***** Available data *****

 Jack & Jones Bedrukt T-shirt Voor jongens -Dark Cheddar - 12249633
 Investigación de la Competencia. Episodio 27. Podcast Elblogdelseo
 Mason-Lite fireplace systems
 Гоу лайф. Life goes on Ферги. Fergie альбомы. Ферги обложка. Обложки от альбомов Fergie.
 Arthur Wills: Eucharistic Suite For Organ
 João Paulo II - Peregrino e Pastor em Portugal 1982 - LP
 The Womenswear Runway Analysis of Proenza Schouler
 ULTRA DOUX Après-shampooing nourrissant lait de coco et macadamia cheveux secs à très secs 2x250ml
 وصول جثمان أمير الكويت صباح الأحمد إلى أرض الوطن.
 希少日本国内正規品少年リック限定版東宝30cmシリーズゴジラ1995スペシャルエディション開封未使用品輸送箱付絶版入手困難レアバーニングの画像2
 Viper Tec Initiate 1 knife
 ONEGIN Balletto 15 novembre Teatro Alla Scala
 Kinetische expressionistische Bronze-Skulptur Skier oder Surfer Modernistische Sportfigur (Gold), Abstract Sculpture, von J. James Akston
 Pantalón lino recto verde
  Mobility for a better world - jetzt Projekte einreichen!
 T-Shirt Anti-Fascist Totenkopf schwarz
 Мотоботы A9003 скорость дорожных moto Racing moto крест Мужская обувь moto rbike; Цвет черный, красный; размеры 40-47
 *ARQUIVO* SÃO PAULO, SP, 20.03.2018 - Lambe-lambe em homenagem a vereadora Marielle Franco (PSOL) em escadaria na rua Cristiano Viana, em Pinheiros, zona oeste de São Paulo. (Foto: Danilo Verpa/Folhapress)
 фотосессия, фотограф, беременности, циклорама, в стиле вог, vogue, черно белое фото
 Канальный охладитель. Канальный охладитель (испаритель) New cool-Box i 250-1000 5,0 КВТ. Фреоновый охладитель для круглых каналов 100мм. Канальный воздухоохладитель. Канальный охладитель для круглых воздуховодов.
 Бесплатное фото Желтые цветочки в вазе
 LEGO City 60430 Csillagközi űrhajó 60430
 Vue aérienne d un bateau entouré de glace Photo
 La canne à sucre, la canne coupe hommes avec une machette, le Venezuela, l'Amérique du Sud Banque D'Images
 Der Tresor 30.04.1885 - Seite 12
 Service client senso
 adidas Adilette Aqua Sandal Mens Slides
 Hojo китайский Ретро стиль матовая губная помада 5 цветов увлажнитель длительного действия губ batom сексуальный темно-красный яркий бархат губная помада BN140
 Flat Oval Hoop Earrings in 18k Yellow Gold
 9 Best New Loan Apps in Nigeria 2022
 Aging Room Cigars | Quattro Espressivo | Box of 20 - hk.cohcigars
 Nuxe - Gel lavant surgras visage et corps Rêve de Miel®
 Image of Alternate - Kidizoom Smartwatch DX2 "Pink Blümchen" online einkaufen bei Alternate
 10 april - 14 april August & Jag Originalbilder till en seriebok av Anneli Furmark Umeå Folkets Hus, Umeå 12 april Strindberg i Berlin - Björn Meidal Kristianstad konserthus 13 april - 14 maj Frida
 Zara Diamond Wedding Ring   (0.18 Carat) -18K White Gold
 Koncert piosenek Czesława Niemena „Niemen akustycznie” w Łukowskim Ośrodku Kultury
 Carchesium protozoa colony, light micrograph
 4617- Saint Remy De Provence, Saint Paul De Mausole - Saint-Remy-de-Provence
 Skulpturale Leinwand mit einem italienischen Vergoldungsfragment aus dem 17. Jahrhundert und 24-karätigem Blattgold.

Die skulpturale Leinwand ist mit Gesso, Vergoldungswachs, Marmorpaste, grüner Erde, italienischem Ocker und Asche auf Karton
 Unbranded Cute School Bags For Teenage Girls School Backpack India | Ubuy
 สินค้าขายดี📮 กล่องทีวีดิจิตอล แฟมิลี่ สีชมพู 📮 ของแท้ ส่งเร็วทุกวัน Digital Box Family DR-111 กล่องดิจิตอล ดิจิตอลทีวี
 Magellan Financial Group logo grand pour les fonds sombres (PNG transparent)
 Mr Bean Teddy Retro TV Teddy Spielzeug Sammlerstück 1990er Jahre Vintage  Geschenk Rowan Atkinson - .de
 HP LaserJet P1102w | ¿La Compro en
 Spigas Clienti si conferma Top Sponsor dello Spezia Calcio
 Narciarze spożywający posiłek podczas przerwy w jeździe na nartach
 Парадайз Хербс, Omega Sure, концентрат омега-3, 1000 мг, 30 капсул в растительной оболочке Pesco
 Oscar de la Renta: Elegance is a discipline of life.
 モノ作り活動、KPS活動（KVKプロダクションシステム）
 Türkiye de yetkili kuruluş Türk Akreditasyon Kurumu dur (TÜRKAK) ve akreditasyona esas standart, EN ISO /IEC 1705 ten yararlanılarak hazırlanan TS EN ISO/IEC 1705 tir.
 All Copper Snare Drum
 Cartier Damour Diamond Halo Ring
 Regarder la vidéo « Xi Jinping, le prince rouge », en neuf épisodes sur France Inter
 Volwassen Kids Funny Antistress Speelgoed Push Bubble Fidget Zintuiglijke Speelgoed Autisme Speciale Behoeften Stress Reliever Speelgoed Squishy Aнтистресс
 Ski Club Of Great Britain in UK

*****

Goal of the exercise :: Each line from the one containing "Unbranded Cute School" through the end of the material must be output exactly, and no other line.

Exercise result ::
 Unbranded Cute School Bags For Teenage Girls School Backpack India | Ubuy
 สินค้าขายดี📮 กล่องทีวีดิจิตอล แฟมิลี่ สีชมพู 📮 ของแท้ ส่งเร็วทุกวัน Digital Box Family DR-111 กล่องดิจิตอล ดิจิตอลทีวี
 Magellan Financial Group logo grand pour les fonds sombres (PNG transparent)
 Mr Bean Teddy Retro TV Teddy Spielzeug Sammlerstück 1990er Jahre Vintage  Geschenk Rowan Atkinson - .de
 HP LaserJet P1102w | ¿La Compro en
 Spigas Clienti si conferma Top Sponsor dello Spezia Calcio
 Narciarze spożywający posiłek podczas przerwy w jeździe na nartach
 Парадайз Хербс, Omega Sure, концентрат омега-3, 1000 мг, 30 капсул в растительной оболочке Pesco
 Oscar de la Renta: Elegance is a discipline of life.
 モノ作り活動、KPS活動（KVKプロダクションシステム）
 Türkiye de yetkili kuruluş Türk Akreditasyon Kurumu dur (TÜRKAK) ve akreditasyona esas standart, EN ISO /IEC 1705 ten yararlanılarak hazırlanan TS EN ISO/IEC 1705 tir.
 All Copper Snare Drum
 Cartier Damour Diamond Halo Ring
 Regarder la vidéo « Xi Jinping, le prince rouge », en neuf épisodes sur France Inter
 Volwassen Kids Funny Antistress Speelgoed Push Bubble Fidget Zintuiglijke Speelgoed Autisme Speciale Behoeften Stress Reliever Speelgoed Squishy Aнтистресс
 Ski Club Of Great Britain in UK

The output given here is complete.